PostPosted: 2017-09-08 08:31
by bester69
debiman wrote:OCR with 90% accuracy? meaning, every 10th character is wrong?
that's thick, even for the almighty google.
also, enjoy providing the beast with even more information.


We cant stop it man!!, quantum D-wave its already here, and between CERN and that D-wave, who knows what future is coming. :? :? google information oscure uses should be the less to worry about.
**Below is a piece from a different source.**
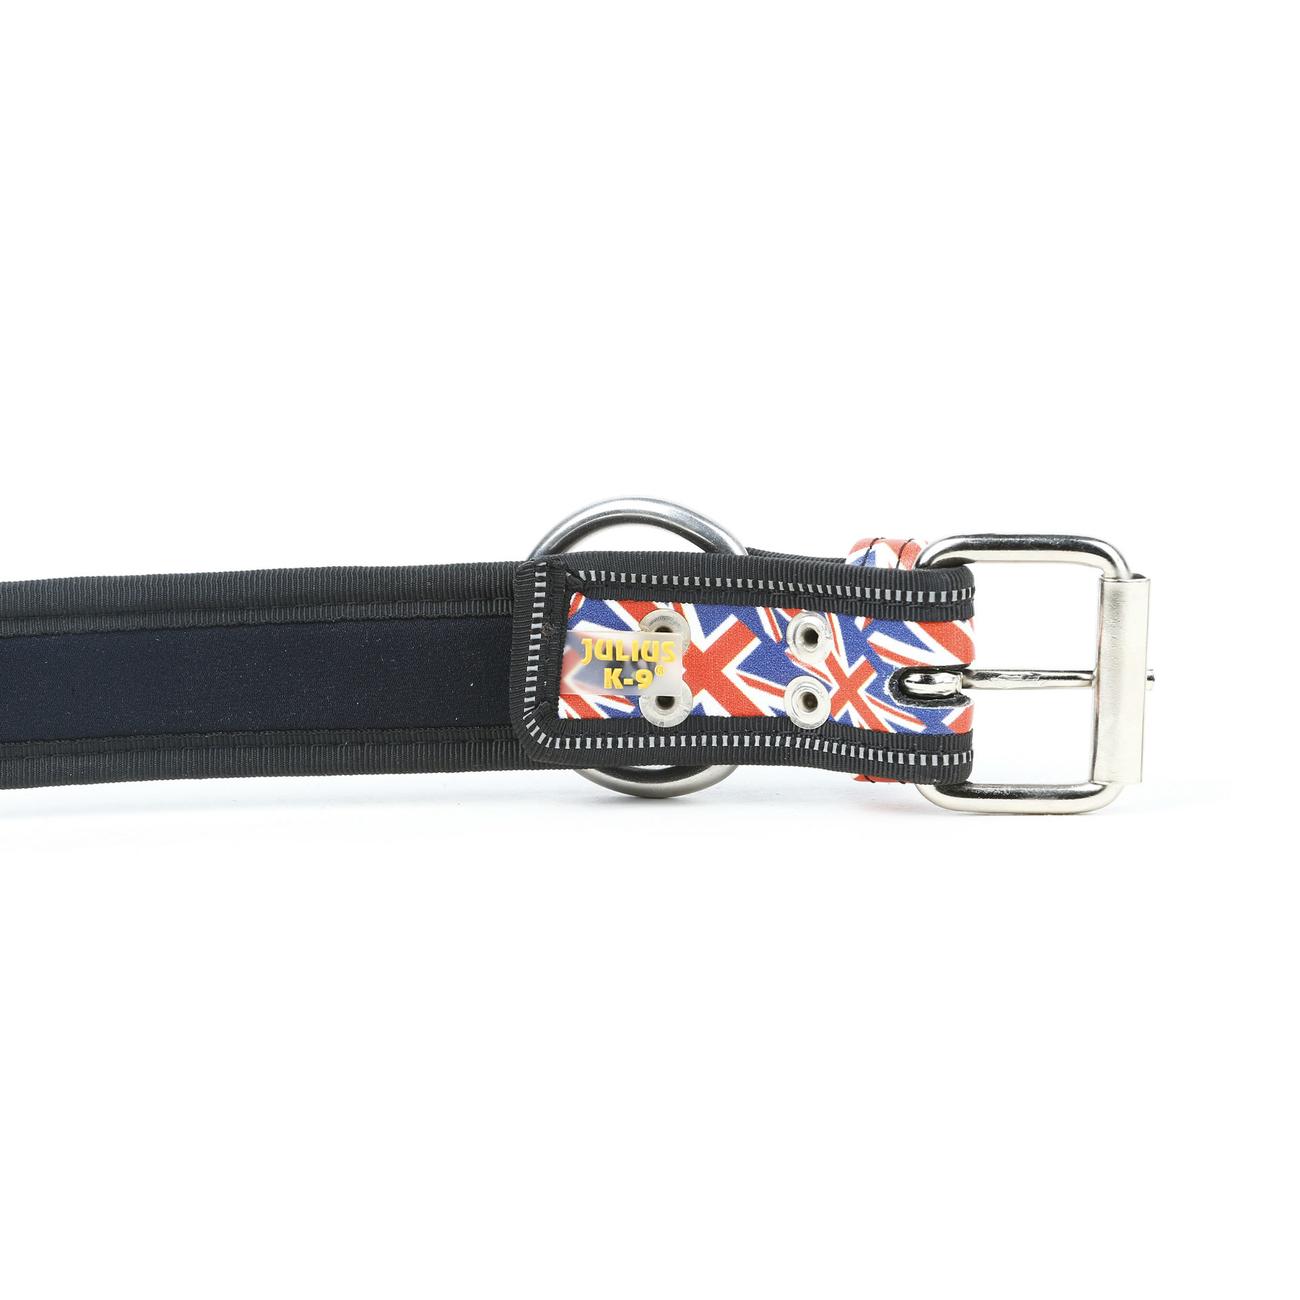 Julius K9 K9® Flaggenhalsband britisch, Bild 8

We might even already been inside a Matrix, as Ive already noticed some weird things going on around me. :?
https://www.youtube.com/watch?v=uwl3h8l4NPI

Re: Google OCR Solution (Very good!!)

PostPosted: 2017-09-08 16:43
by bdtc1
aptitude search tesseract-ocr

Re: Google OCR Solution (Very good!!)

PostPosted: 2017-09-08 18:14
by Dai_trying
I gnerally use ocrfeeder, it works without submitting your work to google and in my (not so extensive) use it has been pretty accurate.

Re: Google OCR Solution (Very good!!)

PostPosted: 2017-09-08 18:56
by bester69
Dai_trying wrote:I gnerally use ocrfeeder, it works without submitting your work to google and in my (not so extensive) use it has been pretty accurate.


I use AbbyFinederX by using playonlinux (wine), It gets outstanding jobs. And i also Use tesseract with recollindex, for searches indexing within pictures and pdf's. It also do a great job.

Im loving now using GoogleKeep with Android and Chrome, you take a picture of a document and use it as a note by extracting the text and then removing the picture. Its reallt great! :D

-----------------------------
There are also some great Android Apps we can use for OCR's.
I found a good one out:
- Adobe SCan ---> It works Great.
https://video.tv.adobe.com/v/18742t1/?autoplay=true
Image

It does a real OCR pdf's job; we can upload a scanning document to the cloud and then using Adobe Scan to get the ocr's pdf, and then download the job to our computer.

Re: Google OCR Solution (Very good!!)

PostPosted: 2017-09-08 20:52
by bester69
Here i leave a pdf's OCR document ive done with Adobe Scan, in just two minits,
You will see text its in background:
https://drive.google.com/open?id=0B-1Wr ... mY2N1g5azg


Steps to get done the OCR:
1- Create a folder and put inside all pictures (limitation 25 files per document)
pdftoppm -png -aa yes -r 300 document_forOCRscan.pdf outfile.png

2- Upload folder to GoogleDrive with all pictures

3- Goto Adobe Scan App,
- select GoogleDrive source-->Pick the Folder uploades--> Select All png files
- Save as PDF file

4- Merged All pdf files (AdobeScan limited to 25 pages per file in free version)
pdftk *.pdf cat output finaldoc.pdf

Done. :D

Re: Google OCR Solution (Very good!!)

PostPosted: 2017-09-08 21:09
by Dai_trying
It does sound very good, but I will stick to using my off-line version and retain some privacy on my data. :D

Re: Google OCR Solution (Very good!!)

PostPosted: 2017-09-08 21:17
by 4D696B65
Dai_trying wrote:It does sound very good, but I will stick to using my off-line version and retain some privacy on my data. :D

+1

Re: Google OCR Solution (Very good!!)

PostPosted: 2017-09-09 00:12
by bester69
4D696B65 wrote:
Dai_trying wrote:It does sound very good, but I will stick to using my off-line version and retain some privacy on my data. :D

+1


I downloaded a pdf ebook with no text from amule, and i used AdobeScan for OCR:
- It has limitiation to 25 pager per document, so i created folders of 25 pages then used ptftk to merged the resulted file.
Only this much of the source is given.